__Exercise details__. Please set down, with no changes, every line of the material below from the one containing "Page 3 of 12" through the end. Skip the pictures.

__Data provided__.
• • • • • • •

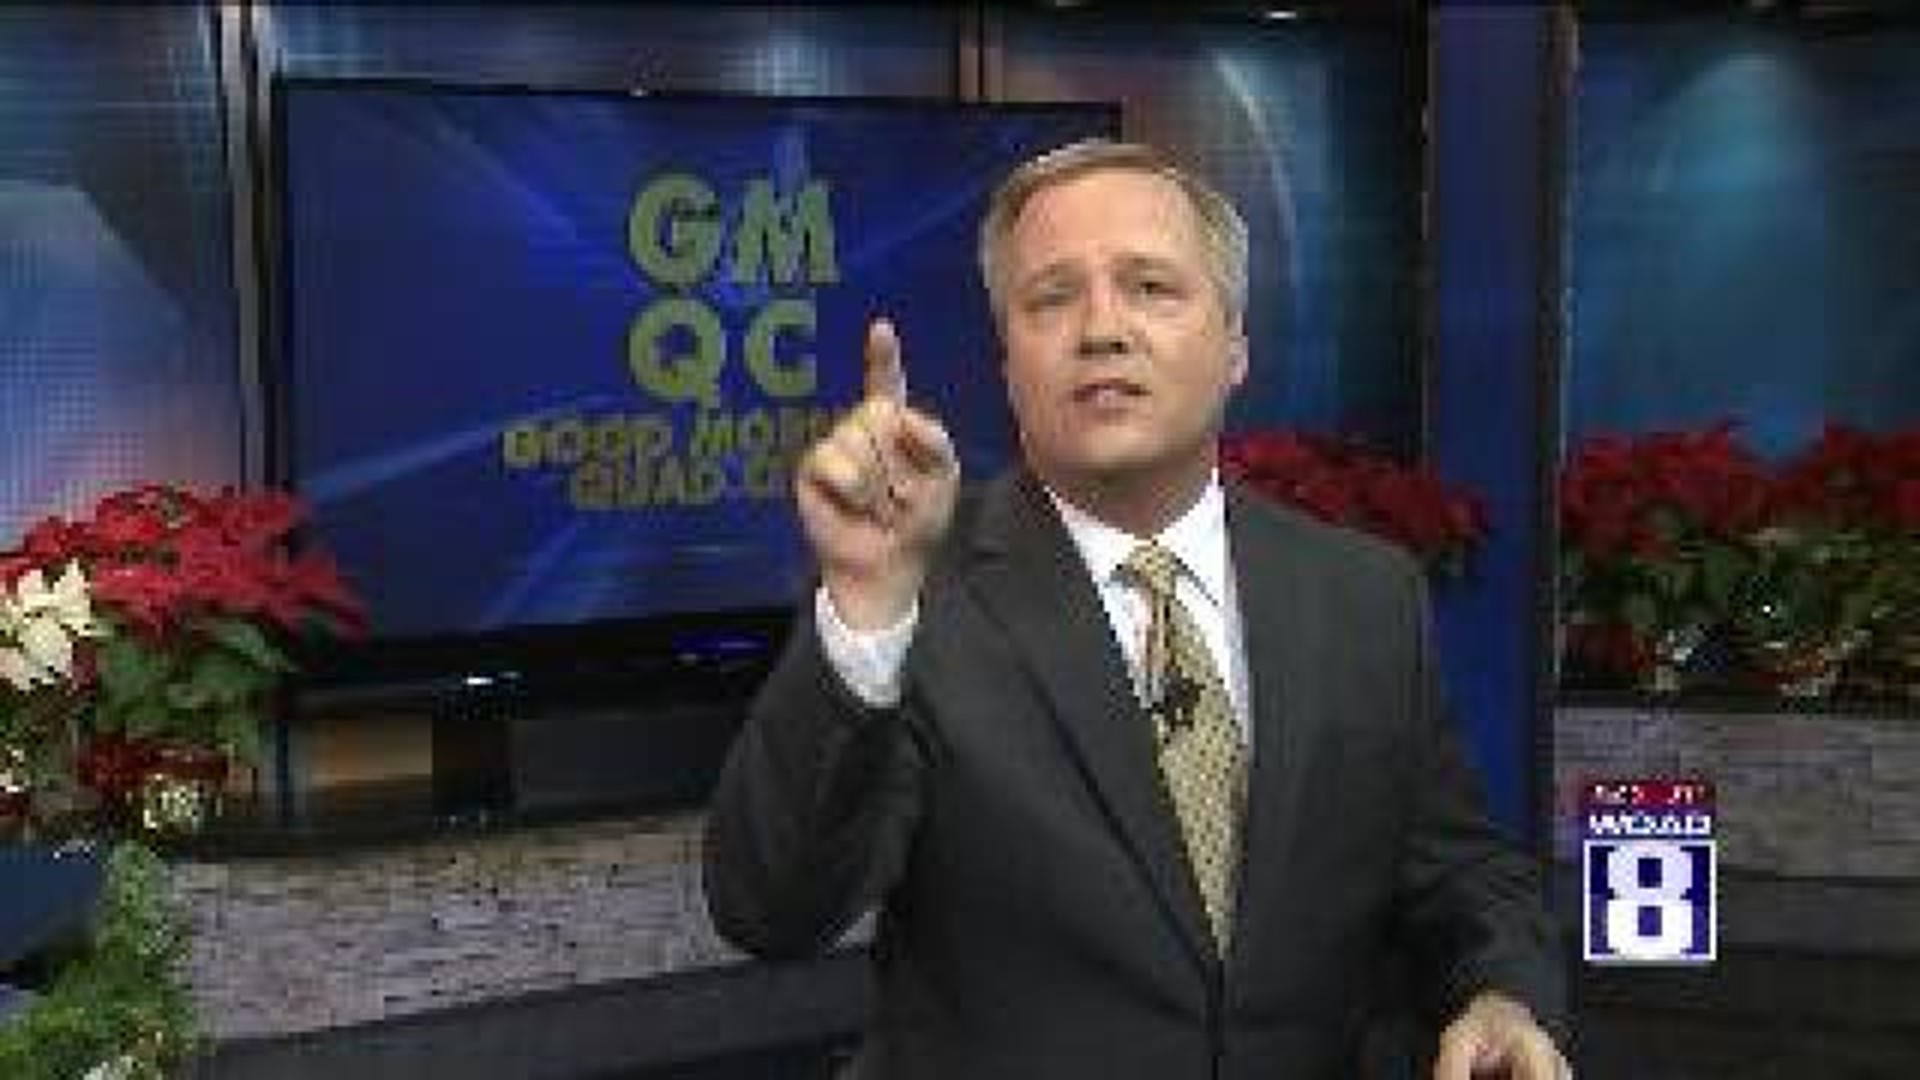 Happy New Year from Good Morning Quad Cities
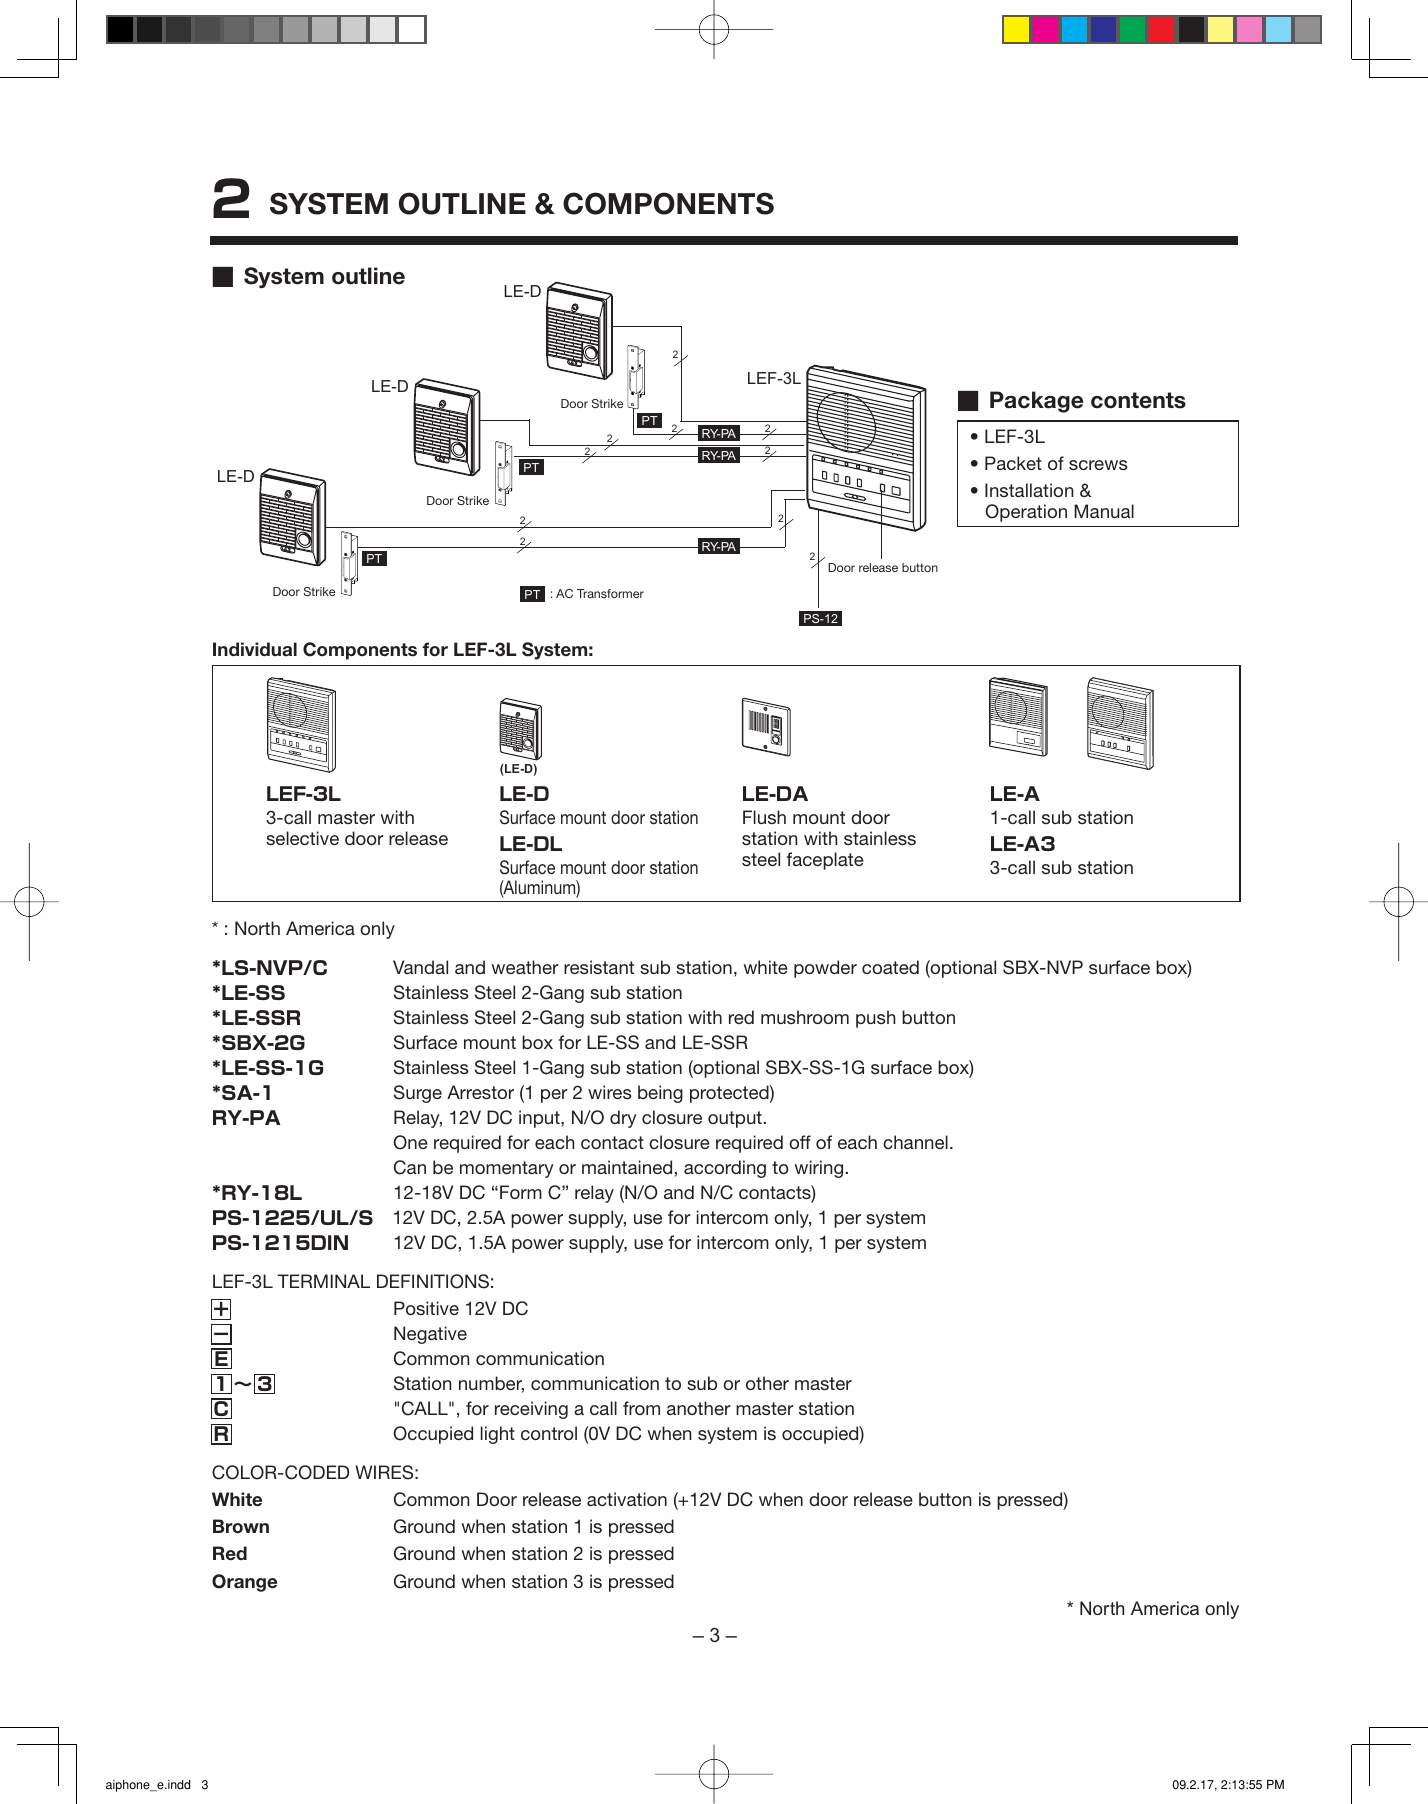 Page 3 of 12 - Aiphone Aiphone-Lef-3L-Users-Manual- Aiphone_e  Aiphone-lef-3l-users-manual
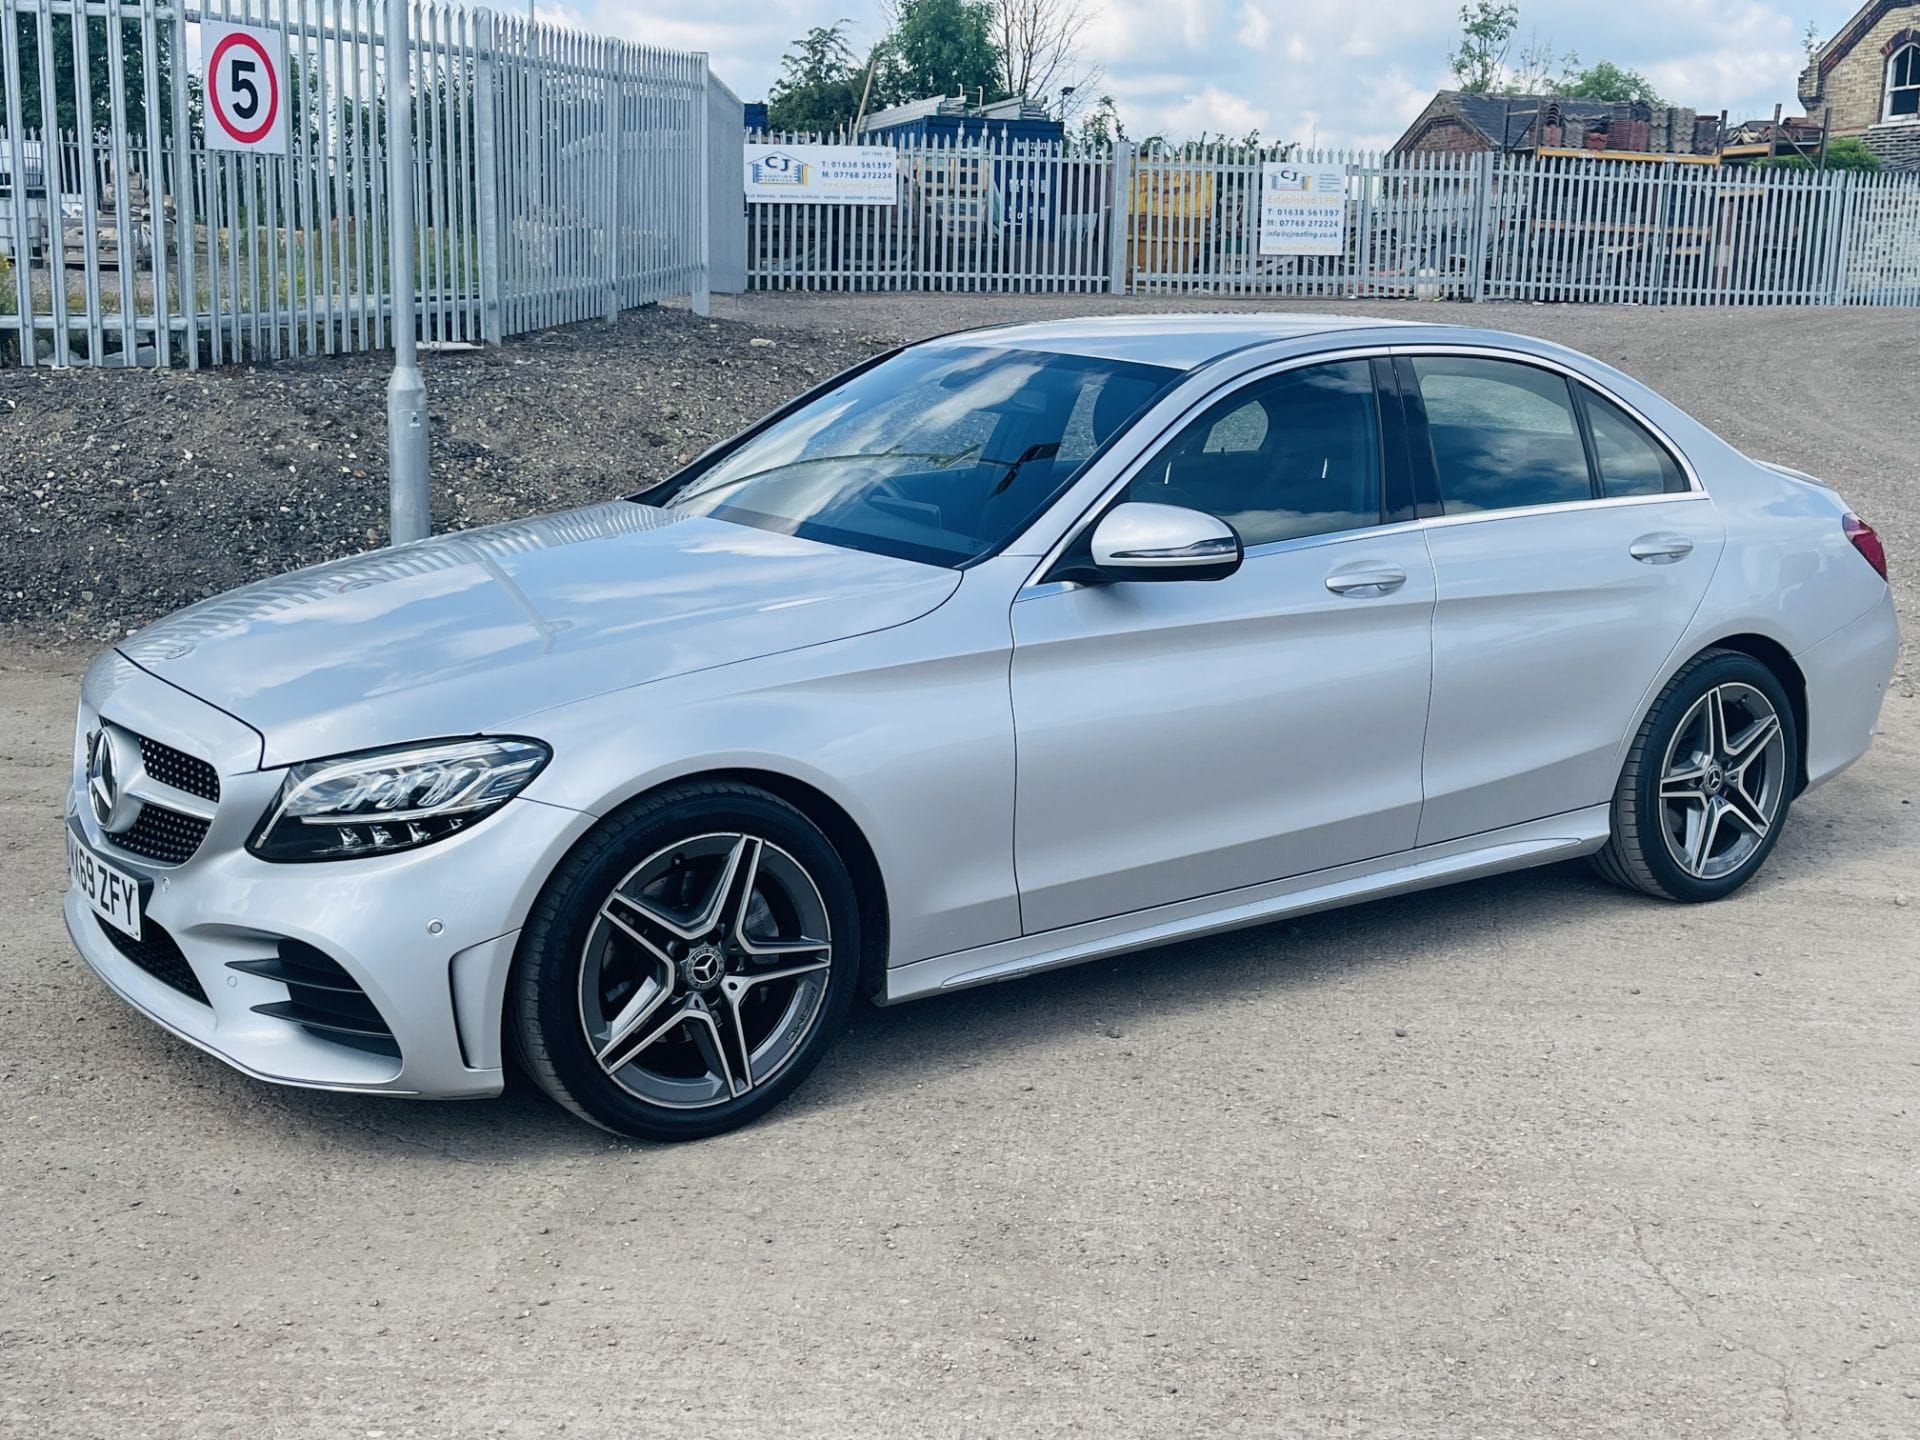 2019 MERCEDES C CLASS AMG - Image 9 of 26

• • • • • • •

__Output of the task__.
 Page 3 of 12 - Aiphone Aiphone-Lef-3L-Users-Manual- Aiphone_e  Aiphone-lef-3l-users-manual
 2019 MERCEDES C CLASS AMG - Image 9 of 26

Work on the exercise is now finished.